HEB is responsible for organizing major Hindu festivals like Thaipusam and Firewalking. It also helps other Hindu temples in Singapore on staff matters, religious issues and getting land for relocation of temples. HEB actively supports and is involved in inter religious activities and community service projects organized by the various religious groups in Singapore.

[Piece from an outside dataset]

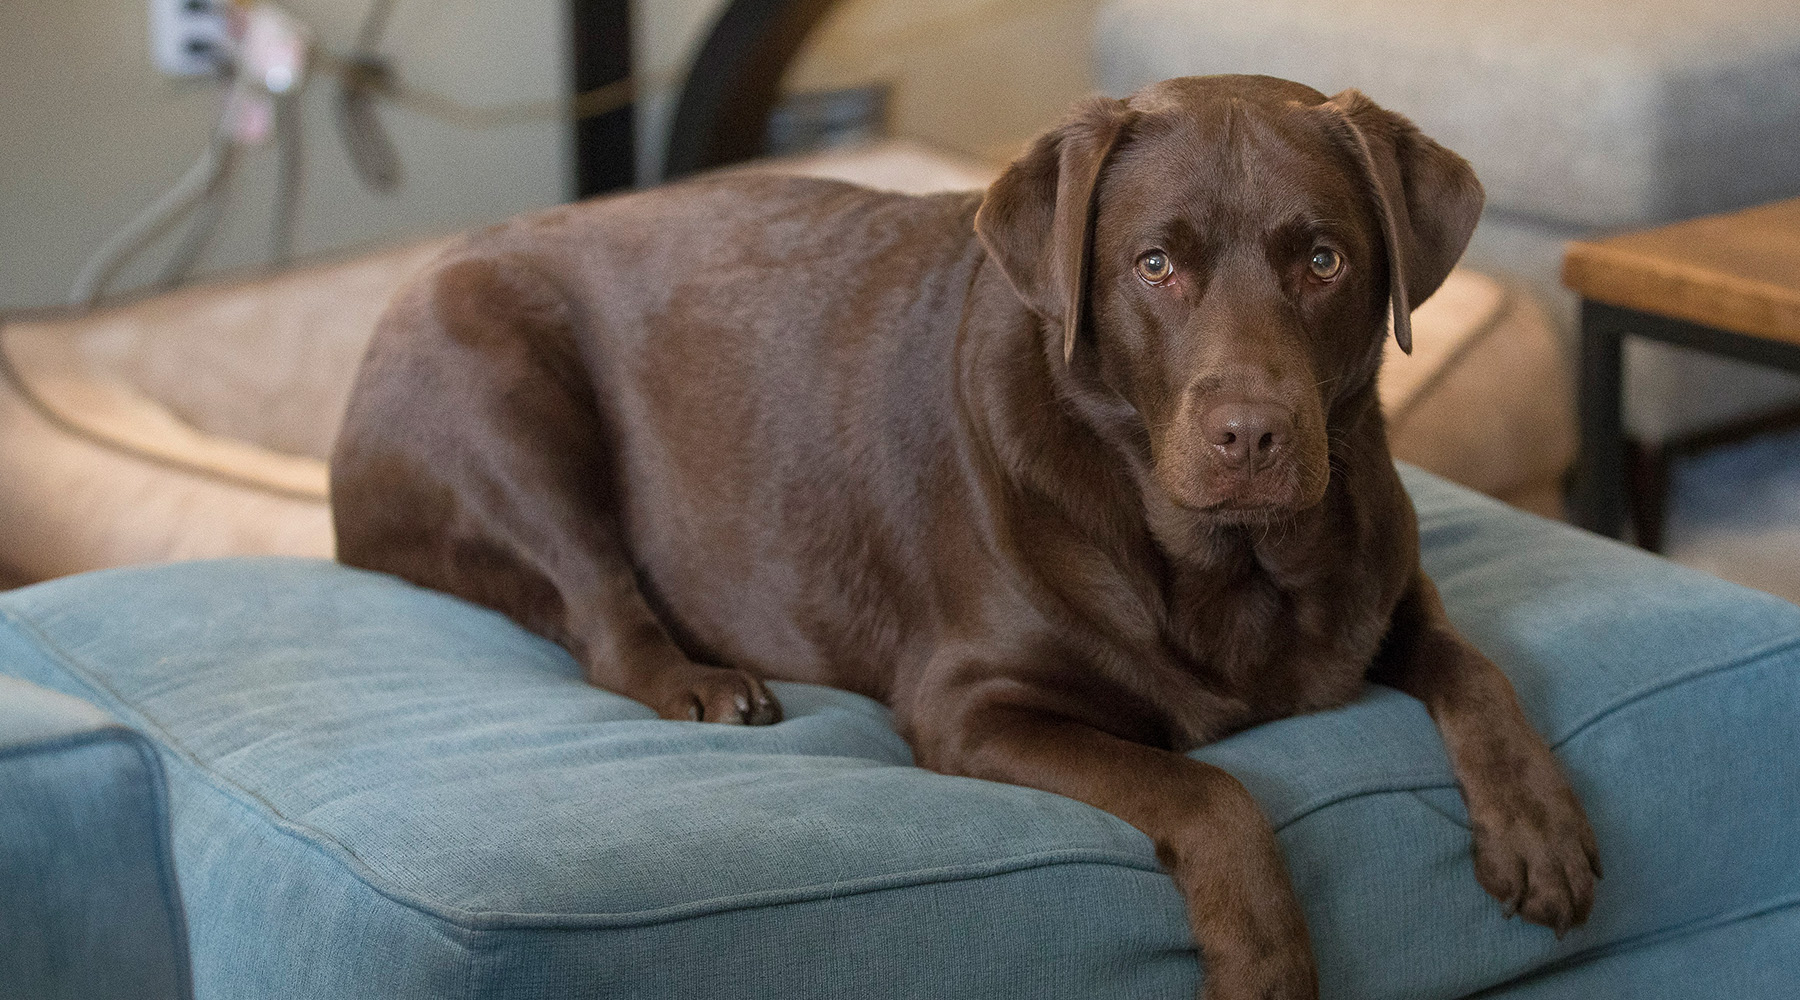 Maeve the Labrador retriever lounges on a footrest

HEB administers the Sivadas-HEB Education Fund, which provides bursaries and tuition subsidies to underprivileged Hindu students, and the Gift from the Heart programme, which provides monthly provisions to disadvantaged Hindu families. Since 2012, the Sivadas-HEB Tertiary Bursary Scheme has disbursed over $5 million to more than 2,000 students.

==History==
=== Formation of the Hindu Endowments Board ===
The Hindu Endowments Board (HEB) was formed in 1968 by an Act passed in parliament which transferred the management of 4 major Hindu temples from the Mohammedan and Hindu Endowments Board (MHEB). The MHEB was formed in 1907 by the British Empire's government of Colony of Singapore in early Singapore to overcome shortcomings in the management of Hindu and Muslim religious entities.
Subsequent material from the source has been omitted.